I am suposed to apply L'Hospitals rule to solve. I can't seem to solve it tho. could someone explain the steps to me? Thanks!
the limit as x approaches infinity of:
xe^(1/x)-x
This is what I got so far:
xe^(1/x)-x
x(e^(1/x)-1)
e^(1/x)-1/(1/x)
Now its in the right form to solve using the rule. so...
e^(1/x)/-1/x^2
But can I simplify it further and how to I now solve as x approaches infinity? I am stuck!
Can you formally prove L'Hôpital's rule, also for this case where you have a zero times infinity case? If not, then I think it is a bad idea to try to do this problem using L'Hôpital's rule.
If you use L'Hôpital's rule, what you are actually doing is saying that near any point x0 a differentiable function behaves like
f(x0+h) = f(x0) + h f'(x0)
And then you take x0 to be the limit point.
Now, in this problem it is easier to start with this more fundamental rule, and say that for small t, we have that:
exp(t) = 1 + t + O(t^2),
where O(t^2) denote a term that is smaller than some constant times t^2.

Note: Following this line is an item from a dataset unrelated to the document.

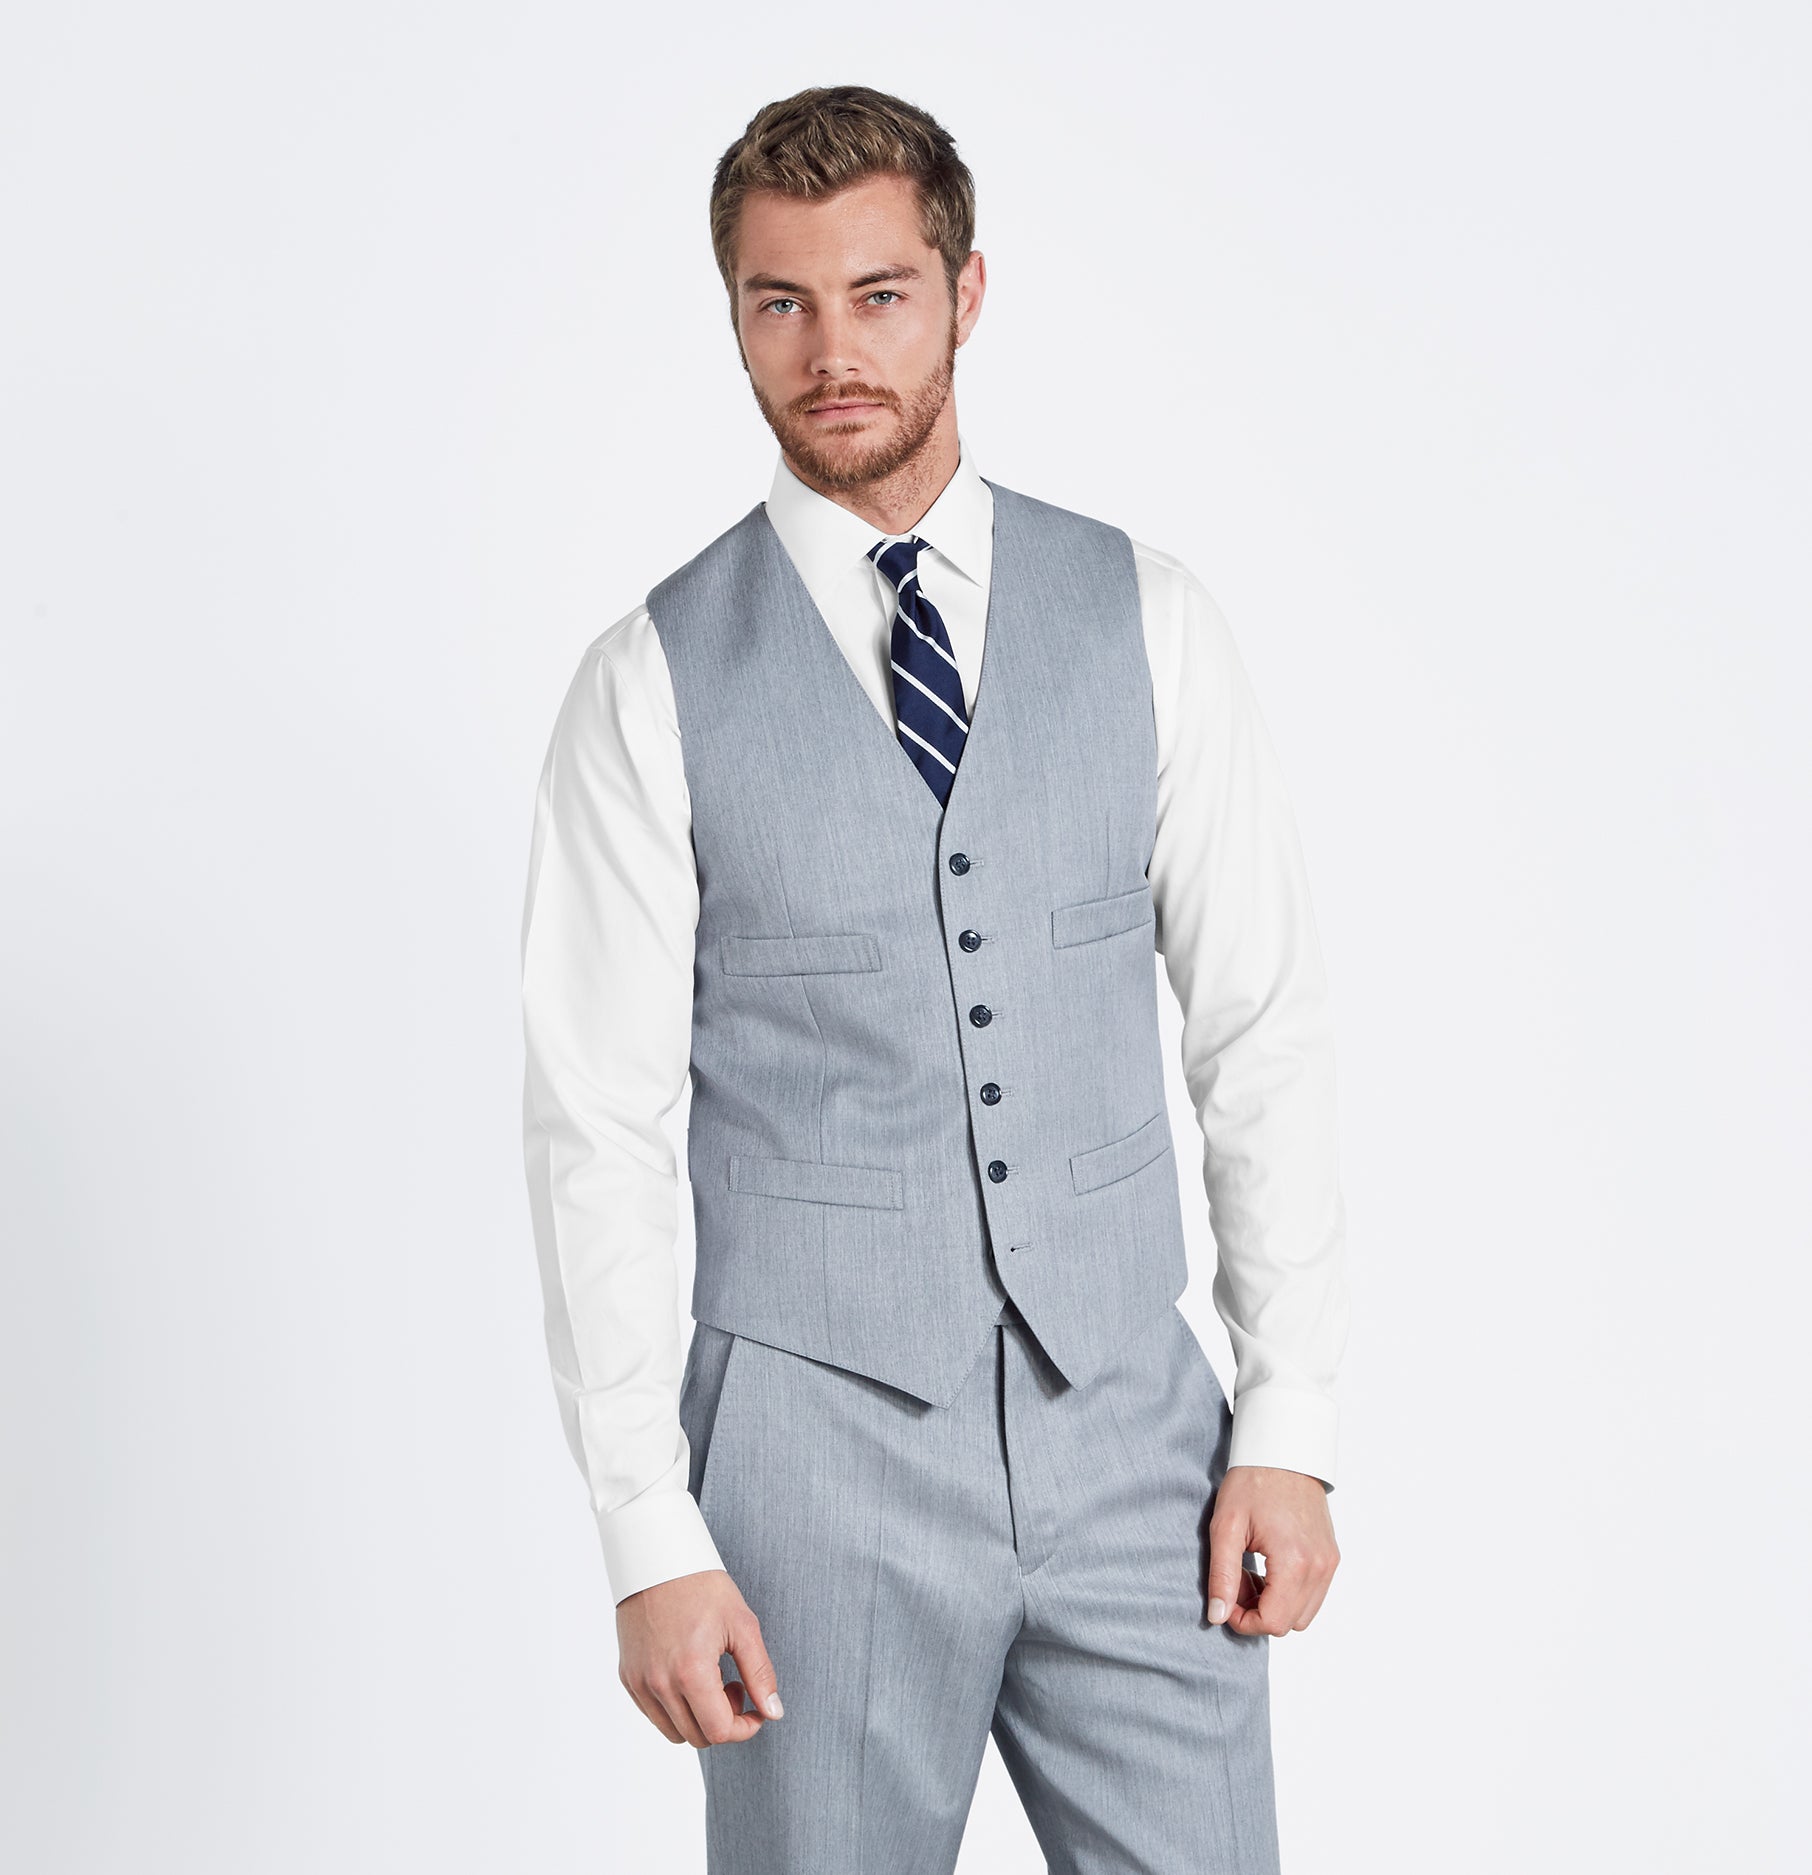 hverdagskost under Ligegyldighed Light Grey Suit Vest | The Black Tux

This means that for large x, we have:
exp(1/x) = 1 + 1/x + O(1/x^2)
And then you obtain:
x [exp(1/x) - 1] = 1 + O(1/x)
The limit for x to infinity is thus 1.
look at the second example of this short video.
It is exactly your question.
(Broken Link Removed)
forgot to mention to click on the 6th video in the list on the left side.
To solve the limit of xe^(1/x) - x as x approaches infinity using L'Hôpital's rule, you have correctly manipulated the expression into the form x(e^(1/x) - 1). Now, you can further simplify it by applying the limit rule to the inner expression (e^(1/x) - 1) and the outer expression (x).
1. Simplifying the inner expression:
e^(1/x) = 1 + 1/x + (1/2!)(1/x)^2 + (1/3!)(1/x)^3 + ... (by the Taylor series expansion)
Therefore,
e^(1/x) - 1
= (1 + 1/x + (1/2!)(1/x)^2 + (1/3!)(1/x)^3 + ...) - 1
= 1/x + (1/2!)(1/x)^2 + (1/3!)(1/x)^3 + ...
2. Now, let's simplify the outer expression:
x
As x approaches infinity, x is growing very large. Therefore, we can ignore the terms with powers of (1/x) because they will approach zero.
Now, the expression simplifies to:
(x(e^(1/x) - 1))/(x)
= e^(1/x) - 1
3. Finally, we can take the limit as x approaches infinity. As x approaches infinity, 1/x approaches 0. So, we have:
lim(x→∞) (e^(1/x) - 1)
= e^0 - 1
= 1 - 1
= 0
Therefore, the limit of xe^(1/x) - x as x approaches infinity is 0.